If Router B is aggregating 2001:db8:0:1::/64 and 2001:db8:0:2::/64 to 2001:db8::/61, then changes in the more specific routes will be hidden from Router A. This hiding of information means a failure of one of these two more specific routes does not cause Router A to recalculate what it knows about reachability in the network. Hence a failure at 200:db8:0:1::/64 doesn’t impact Router A—which means Router A is in a different failure domain than 2001:db8:0:1::/64. Based on this, we can venture a simple definition:
A failure domain is any group of devices that will share state when the network topology changes.
This definition doesn’t seem to work all the time, though. For example, what if the metric of the 2001:db8::/61 aggregate at Router B depends on the higher cost more specific among the routes covered (or hidden)? If the aggregate metric is taken from the 2001:db8:0:1::/64 route attached to Router C, then when that link fails, the aggregate cost will also change, and Router A will need to recalculate reachability. This situation, however, doesn’t change our definition of what a failure domain is, it just alerts us that failure domains can “leak” information if they’re not constructed carefully.

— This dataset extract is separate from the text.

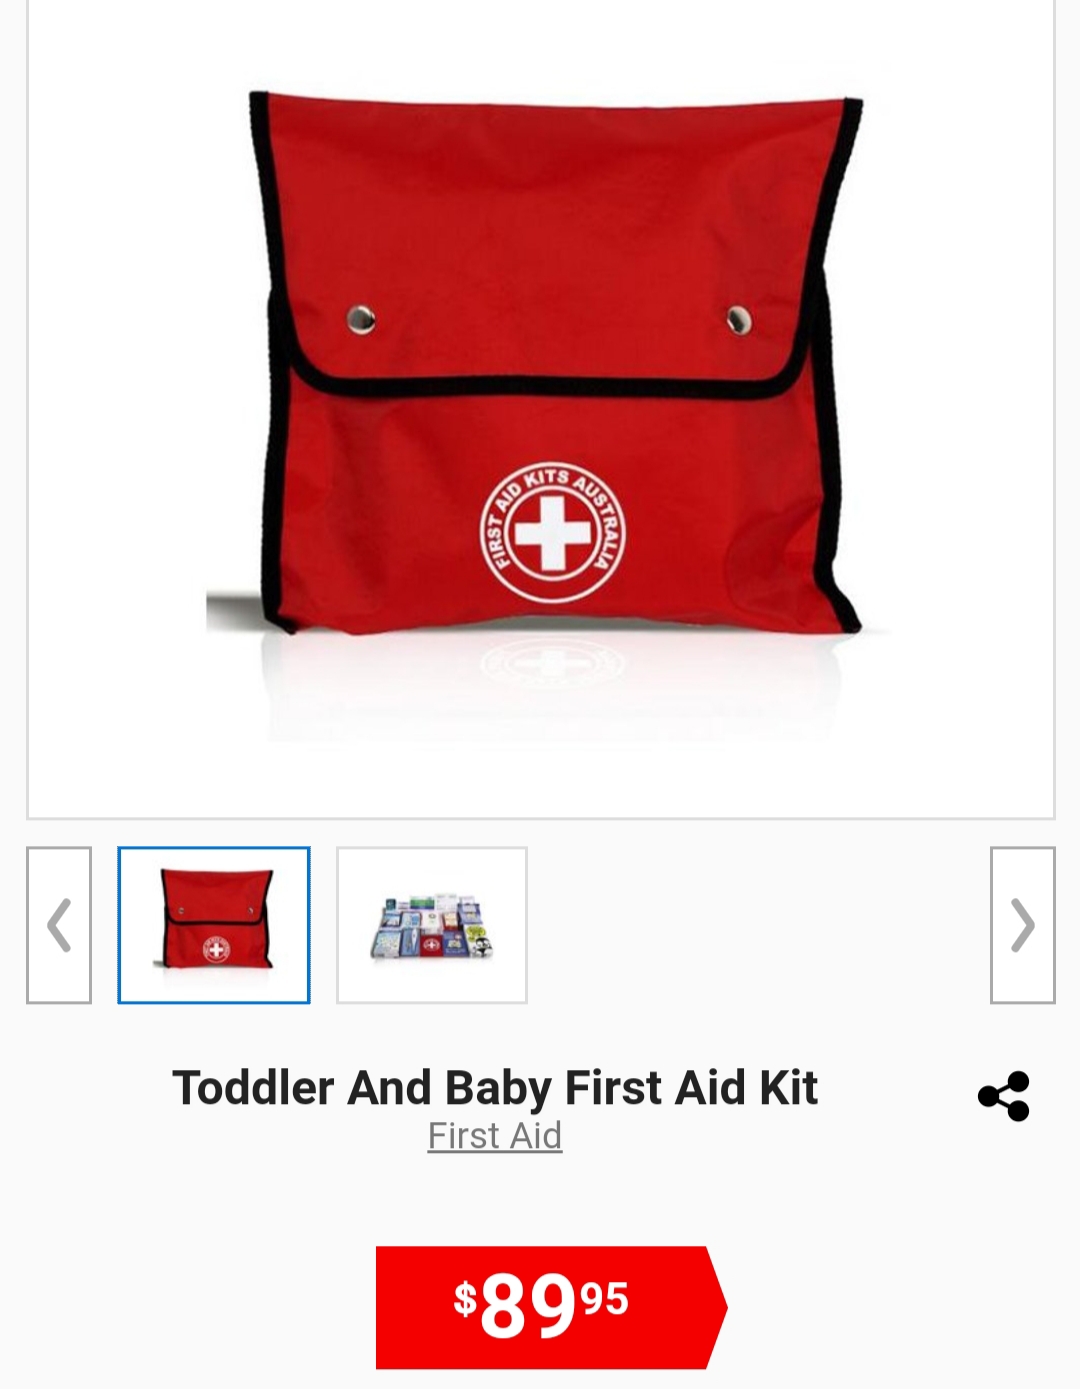 Toddler and baby first aid kit
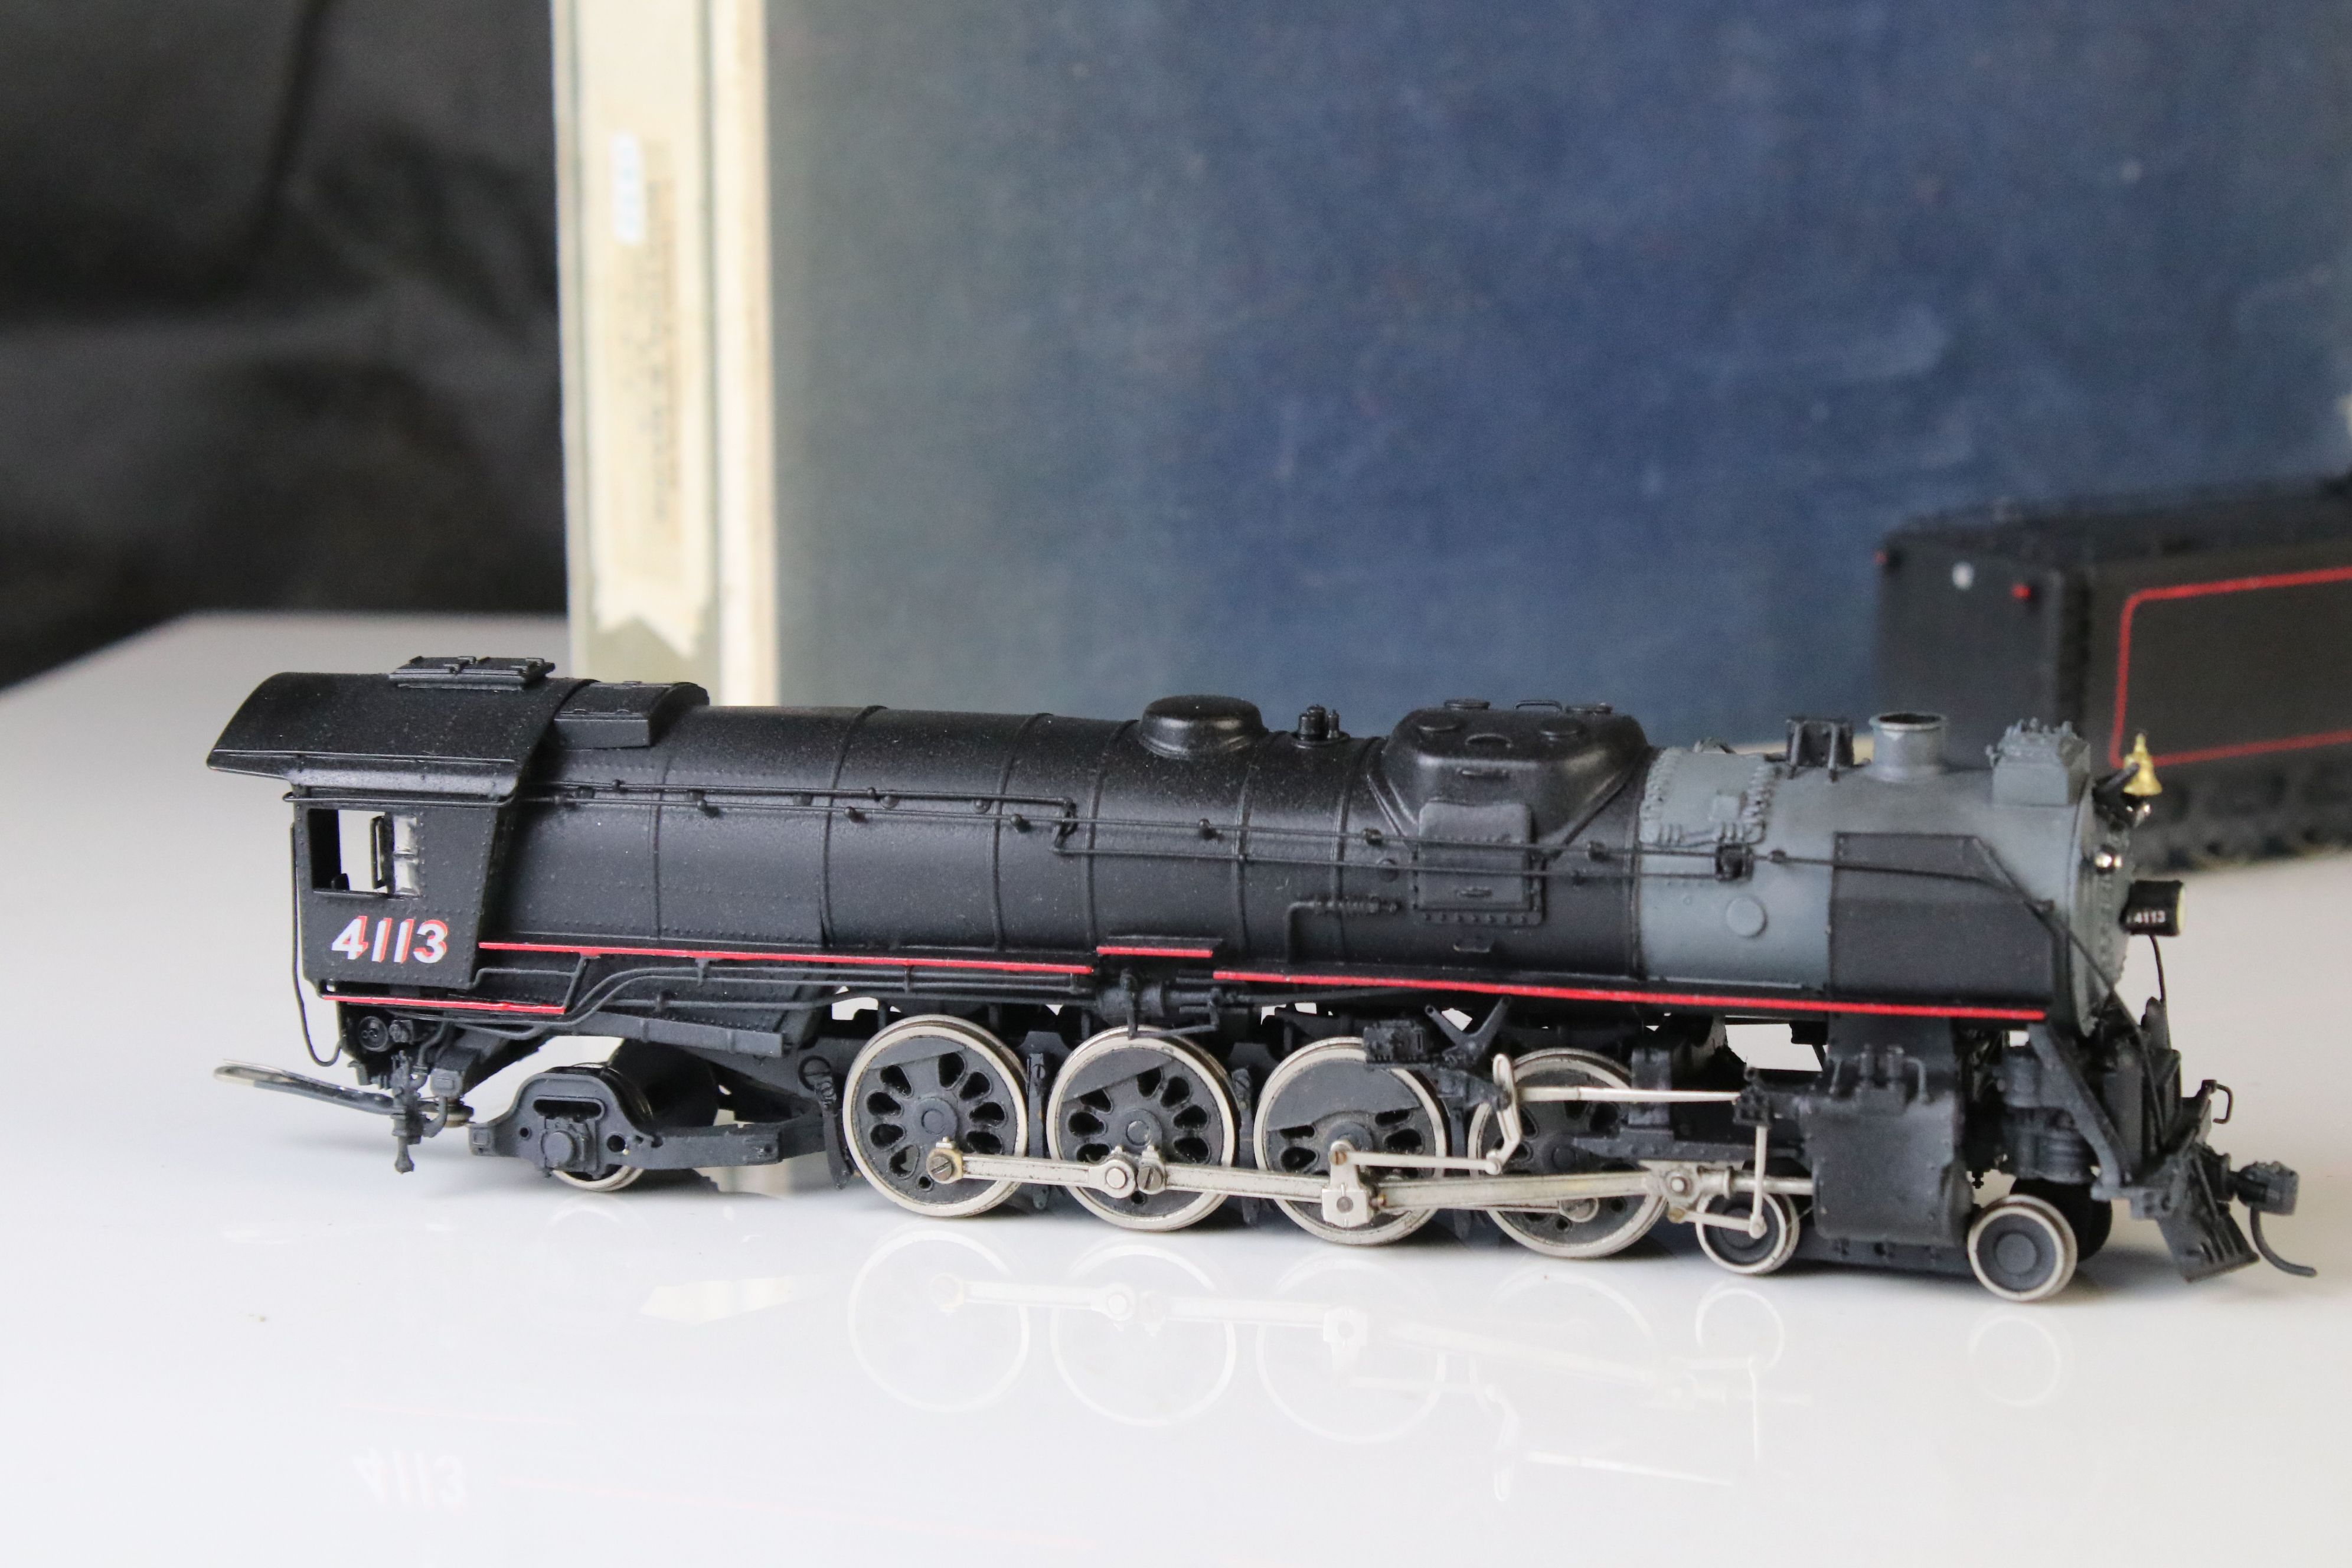 Boxed Olympia HO gauge Boston & Maine Class R1-d 4-8-2 4113 locomotive & tender, painted, - Image 3 of 14

In fact, we can trace this back to the law of leaky abstractions— hiding information is just a form of abstraction, and all abstractions leak information in some way to at least one other subsystem within the larger system.
Another, harder, example, might be that of the flooding domain boundary in a link state protocol. Assume, for a moment, that Router A is in Level 2, Routers C and D are in Level 1, and Router B is in both Level 1 and Level 2. Further assume no route aggregation is taking place. What will happen when 2001:db8:0:1::/64 fails? As Router B is advertising 2001:db8:0:1::/64 as if it were directly connected, Router A will see the destination disappear, but it will not see the network topology change. The state of the topology seems to be in one failure domain, while the state of reachability seems to be in another, overlapping, failure domain. This appearance is, in fact, a reflection of reality. Failure domains can—and do—overlap in this way all the time. There’s nothing wrong with overlapping failure domains, so long as you recognize they exist, and therefore you actually look (and plan) for them.
Finally, consider what happens if some link attached to Router A fails. Unless routes are being intentionally leaked into the Lelvel 1 flooding domain at Router B, Router C won’t see any changes to the network, either in topology or reachability. After all Router C is just depending on Router B’s attached bit to build a default route it uses to reach any destination outside the local flooding domain. This means failure domains can be assymetric. What breaks a failure domain for one router doesn’t always break it for another. Again, this is okay, so long as you’re aware of this situation, and recognize it when and where it happens.
So given these caveats, the definition of a failure domain above seems to work well. We can refine it a little, but the general idea of a failure domain as a set of devices that will (or must) react to a change in the state of the network is a good place to start.
Hey Russ. You, I and it seems like all the others who ran away from Cisco, have had many a discussion about failure domain. Hint hint to CCDE candidates…… You better know how to isolate
Steve — a ghost from the past! Thanks for stopping by… Isolation is the key point, it would seem. Just watch those leaky abstraction.
🙂
Russ
He Russ,
Nice complete overview of how failure domains need a bit more thought than we in general give them.
I think one point we often overlook when talking about failure domains is that we (un)consciously tend to think of layer 2 broadcast domains (and most discussions/blogs seem to only look at this aspect).
Might also that because we expect *GP’s to handle failures and dynamically adept the topology accordingly we don’t regard it as a “failure domain”.
And even though we do keep in mind things as flooding domains, the failure domain might be bigger than the flooding domain (as your example shows due to the potential for a black hole) so the “refined definition” is definetly a good “rule of thumb”..
I think we do tend to think that “if the routing protocol handles it, there’s no failure, and hence no failure domain…” And we often conflate failure domains with layer 2 broadcast domains.
Thanks for stopping by!
🙂
Russ